Left: Detection performance of existing synthetic image generators on synthetic videos. Right: Similar to Left but these detectors were robustly trained on H.264 compressed synthetic images.

Synthetic Video Traces

Here, we present evidence that forensic traces in synthetic video are substantially different than those in synthetic images. We qualitatively demonstrate this by visualizing the low-level forensic traces left by a number of different image and video generators. Due to the stark contrasts between forensic traces left by image and video generators, it is highly likely that this is the major reason why synthetic image detectors exhibit substantially lower performance on video. Even when robustly trained, synthetic image detectors learn features to capture forensic traces similar to what they have seen before. Since video traces can be substantially different in nature, synthetic image detectors are not suited to capture these traces.

Fourier transforms of the residual forensic traces for each frame of a synthetic video. The traces are visually distinct from those of synthetic images.

Learning Synthetic Video Traces

Results presented in the previous two sections show that traces left by synthetic video generators are different than those left by image generators, and that synthetic image detectors do not reliably detect these traces. In this section, however, we show that synthetic video traces can be learned. Through a series of experiments, we show that CNNs can be trained to accurately perform synthetic video detection and source attribution. Furthermore, we demonstrate that robust training can improve these detectors even after H.264 re-compression. Additionally, we show how video-level detection can be performed to boost performance over frame-level detection.

Left: Frame level detection performance of synthetic video detectors. Right: Frame level attribution performance of synthetic video detectors.

Detection performance of the MISLnet architecture before and after robust-training on real & synthetic videos with Constant Rate Factor (CRF) of 40.

Left: Video-level performance of MISLnet over different number of patches used for obtaining video-level detection score. Right: Relative Error Reduction in video-level performance versus frame-level performance of MISLnet over different number of patches used for obtaining video-level detection score.

Detection Transferability to New Generators

We examined synthetic video detectors' zero-shot transferability performance. This corresponds to a detector's ability to detect videos from a new generator without any re-training. These results show that while the detector achieves strong performance on videos from generators seen during training, performance drops significantly when evaluating on new generators. This is unsurprising because traces left by different generators can vary substantially. As a result, it is difficult for a detector to capture traces from new generation that leave different traces than those seen in training.
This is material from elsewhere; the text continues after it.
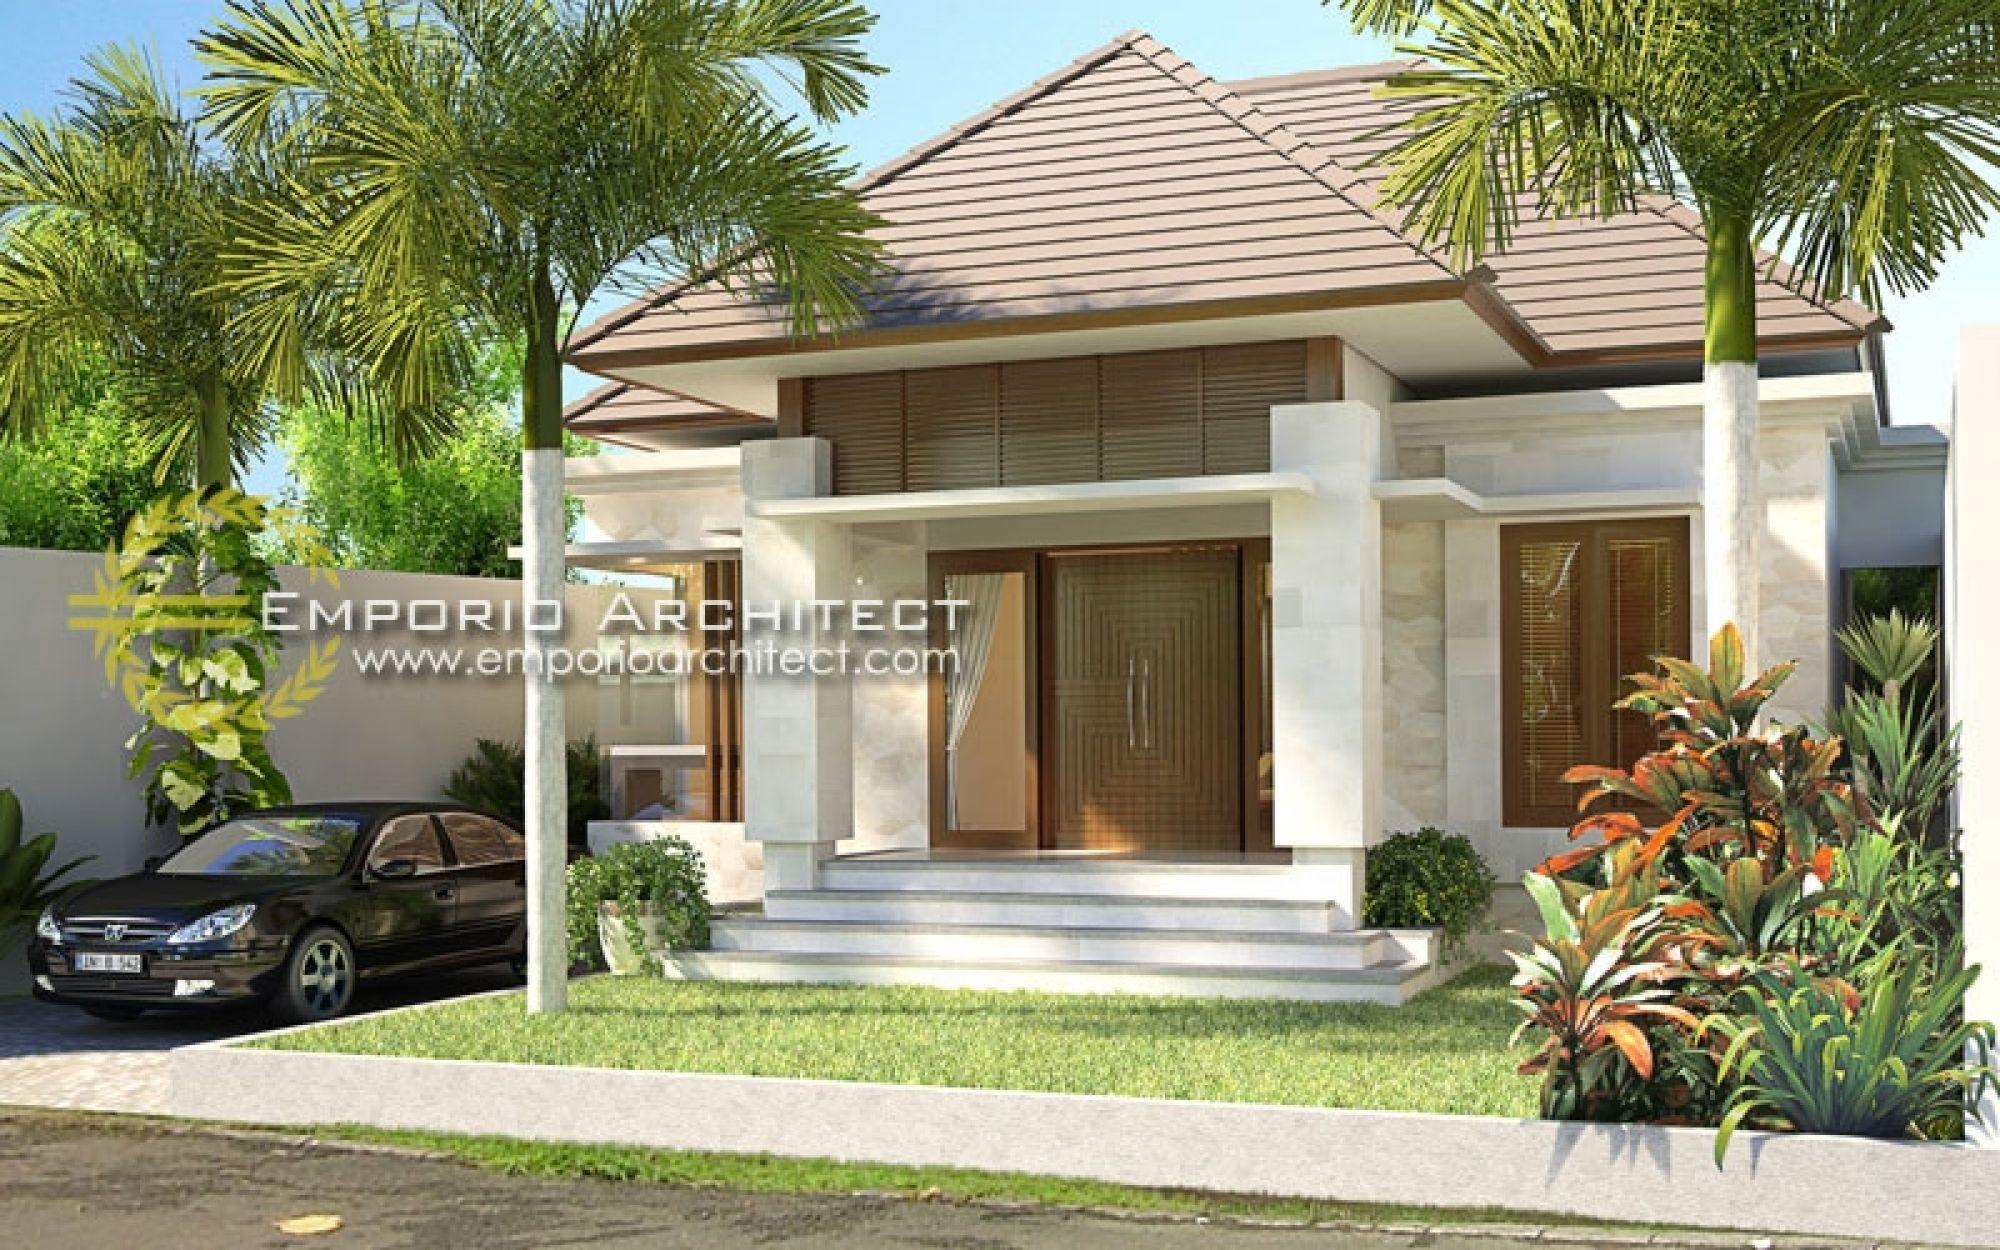 Desain Rumah Riani Jasa arsitek desain berkualitas

Additionally, we performed few-shot learning experiments to evaluate the detector's ability to detect videos from new generators with only a few examples. These results show that the detector can very accurately transfer to detect new generators through few-shot learning. This is particularly important given the rapid pace with which new generators such as Sora are emerging.

Left: Zero-shot detection performance of MISLnet, which was trained on 3 out of 4 synthetic video generation sources and test on the remaining one. Performance numbers are in AUC. Right: Zero-Shot and Few-Shot detection performance of MISLnet, which was trained on all training generators, and tested on new generation sources. Performance numbers are measured using AUC and RER.

Bibtex

        
          @InProceedings{Vahdati_2024_CVPR,
              author    = {Vahdati, Danial Samadi and Nguyen, Tai D. and Azizpour, Aref and Stamm, Matthew C.},
              title     = {Beyond Deepfake Images: Detecting AI-Generated Videos},
              booktitle = {Proceedings of the IEEE/CVF Conference on Computer Vision and Pattern Recognition (CVPR) Workshops},
              month     = {June},
              year      = {2024},
          }